Es fácil para las mujeres objetoras del sistema caer en una especie de mistificación de la mujeridad, en un feminismo radical ya absurdo al que, al menos las que vivimos más el futuro que el pasado, las privilegiadas universitarias occidentales con colchón familiar o laboral, hemos de renunciar. Pienso en esas feministas de cierta edad que les niegan el pan y la sal feminista a las transexuales por no ser “realmente” mujeres. Qué reaccionario montar un club que exige cierta calidad de sufrimiento. Y qué incivilizado conducirse en sociedad con parámetros puramente biológicos, como si no tuviéramos las herramientas, el conocimiento y la voluntad suficiente para domeñarlos. No encuentro viaje más complicado y que merezca más compañía que el de la transexualidad: mujeres encerradas en hombres (o al revés) que, cuando se vean realmente como son querrán, con suerte, ser simplemente personas. Personas que han de pasar por mucho más sufrimiento para llegar, si pueden y les dejan, a la misma meta. Algunas quizá soporten la sensación de inadecuación (quisiera saber si se puede ejercitar la aceptación puramente mental en los asuntos de identidad corporal), operación tras operación, hasta el final de sus días.

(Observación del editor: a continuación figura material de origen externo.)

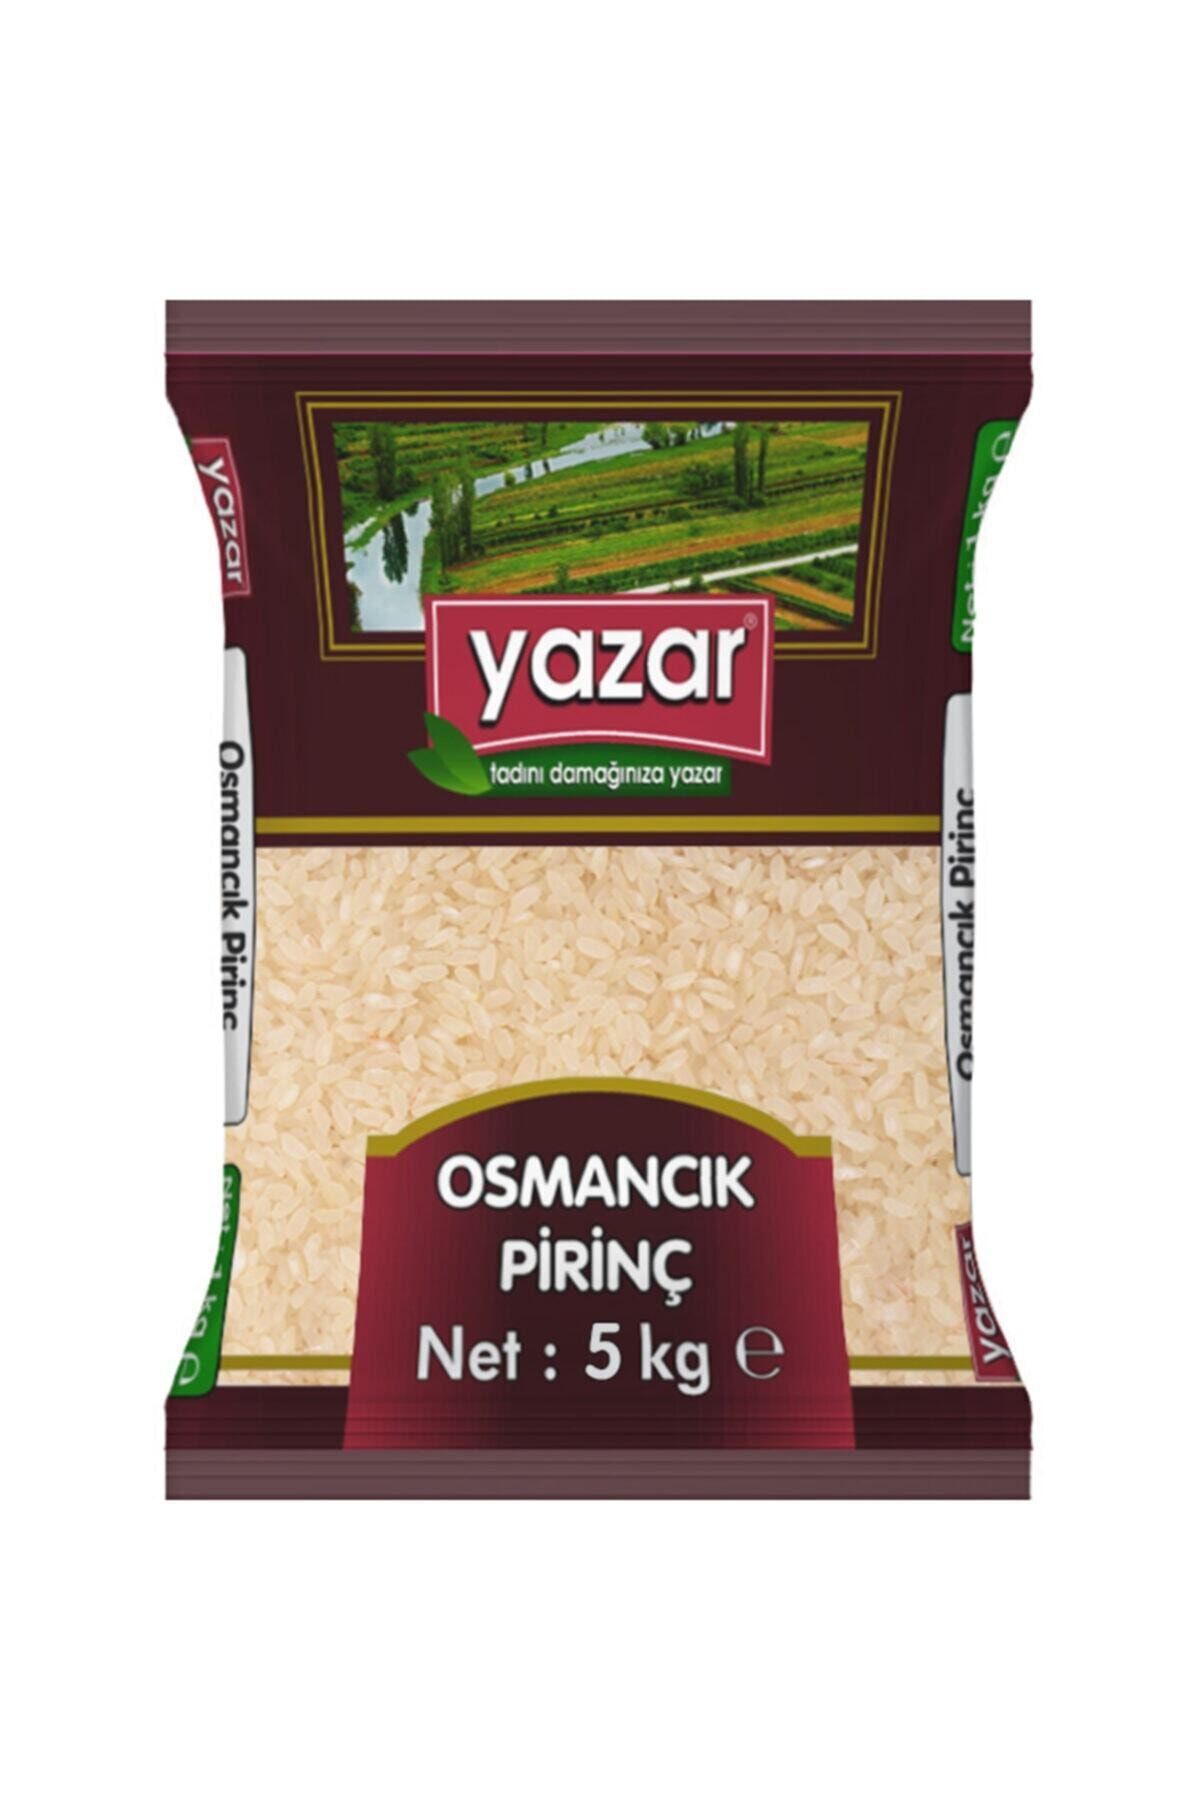 YAZAR Osmancık Pirinç 5 Kg.
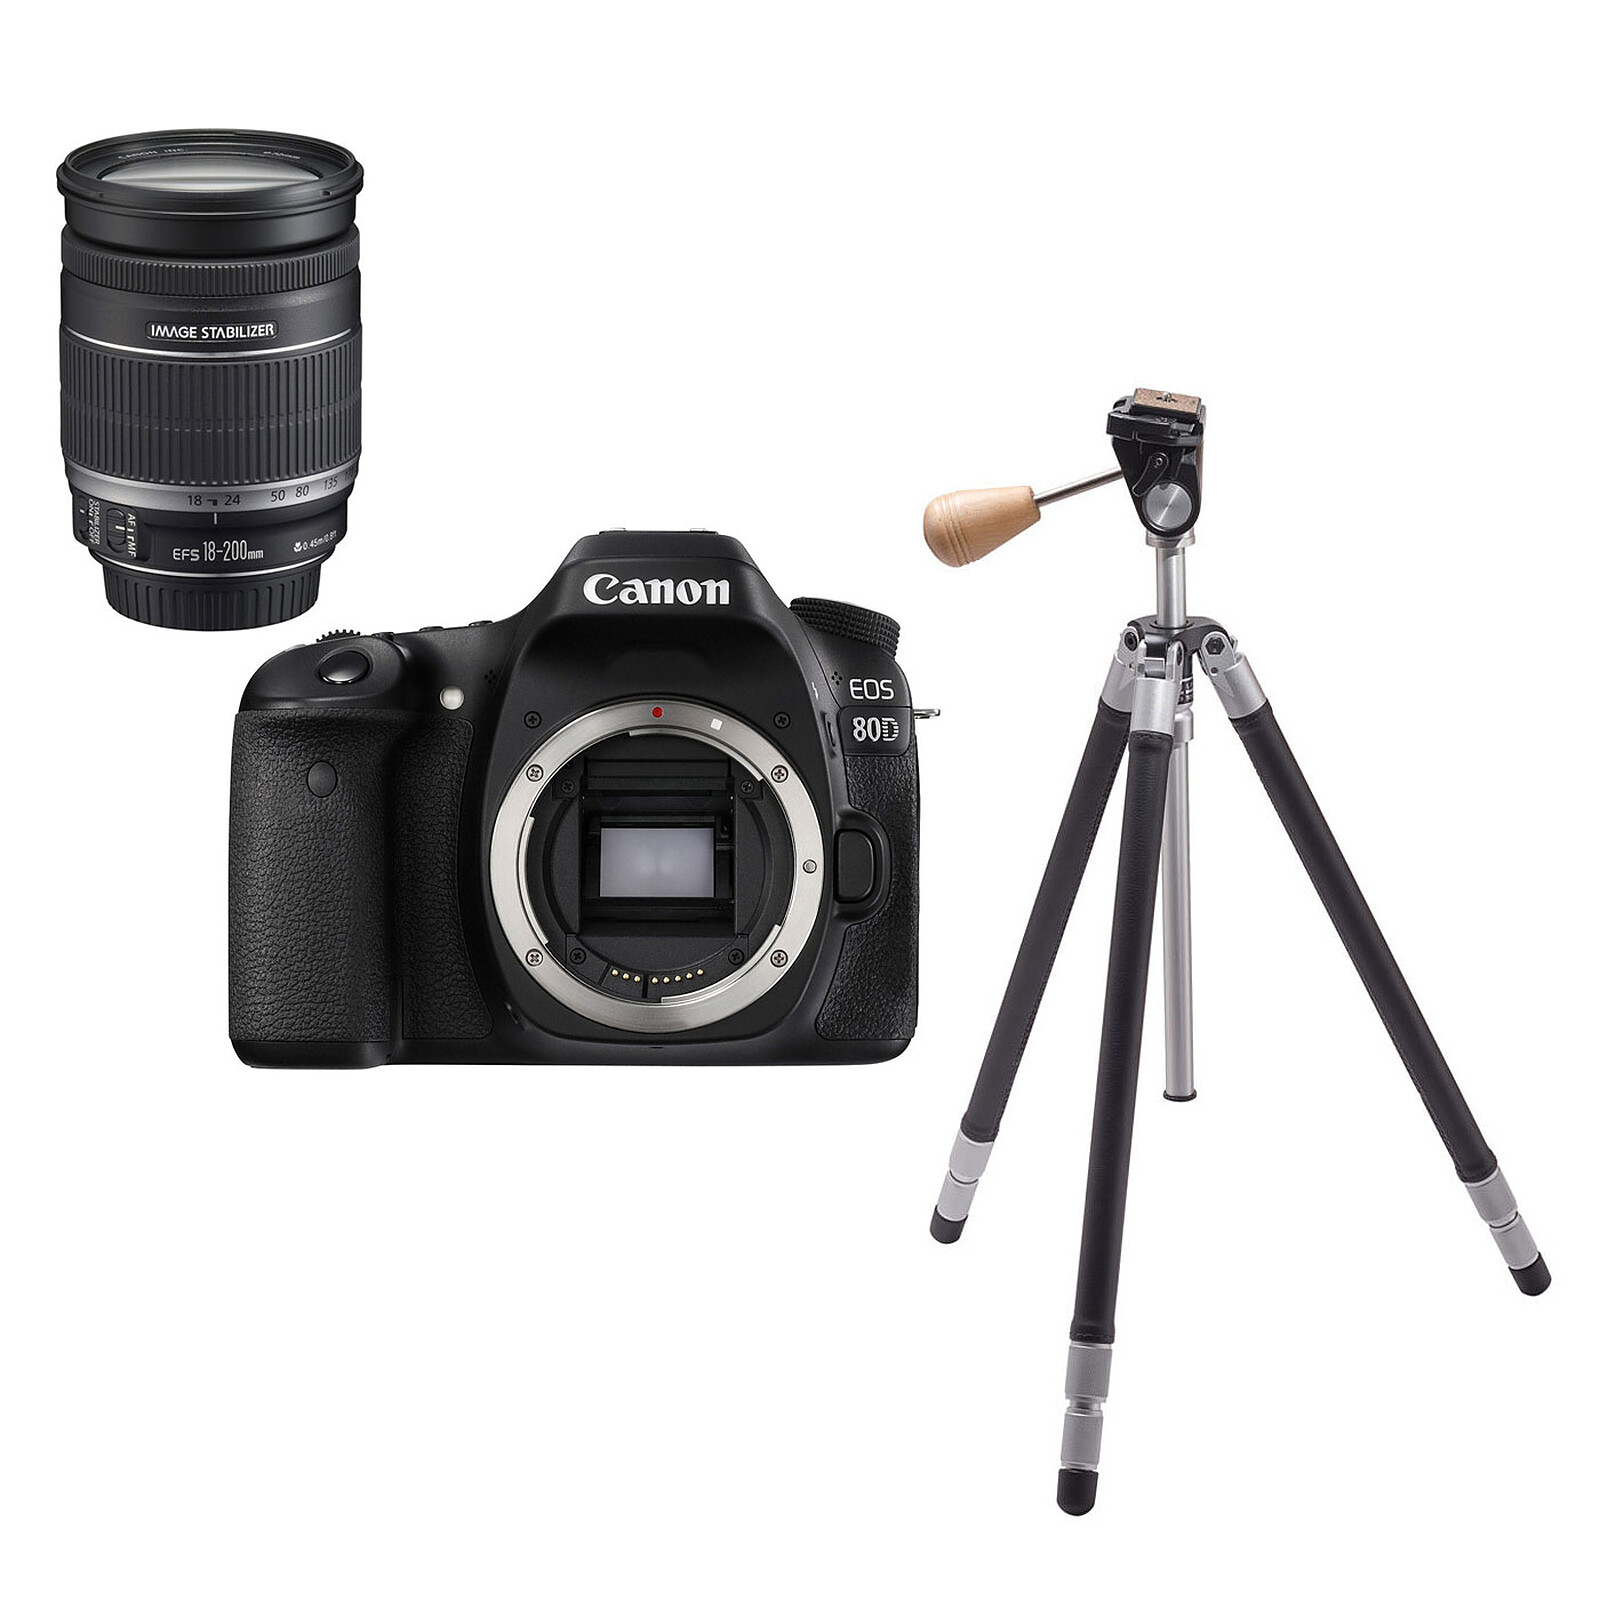 Canon EOS 80D + EF-S 18-200mm f/3.5-5.6 IS + Cokin T-RIV101 Riviera Classic

Cómo resolver el problema semántico de no querer ser ese hombre ni esa mujer, ni el hombre ni la mujer. Y cómo hacerlo sin que lluevan las (terribles) acusaciones de ‘mala feminista’ que acechan en cada esquina a las que estamos más equipadas para pensar la vida que para vivirla. ¿Se puede ser biológicamente una mujer y socialmente una persona, una unidad, una vida? ¿Podríamos desterrar lo sexual como contenido principal de un espacio simbólico insoportablemente reduccionista y empobrecedor? ¿No estamos dotados, los seres humanos, para emitir en otras frecuencias, más enriquecedoras? ¿Acaso no sabemos construir un un sistema de valores común que nos integre más allá de la ficción de los géneros? Los que tratamos de desprogramarnos sí sabemos que es mucho más lo que nos une que lo que nos separa. Nos une casi todo a los que disentimos, resistimos, denunciamos y rechazamos el sistema (capitalista) y el sistema del sistema (lo heteropatriarcal). Tanto nos une que aquí sí que sucede como quería Borges, y podemos ser todos los hombres, todas las mujeres y toda la escala de grises entre ambos.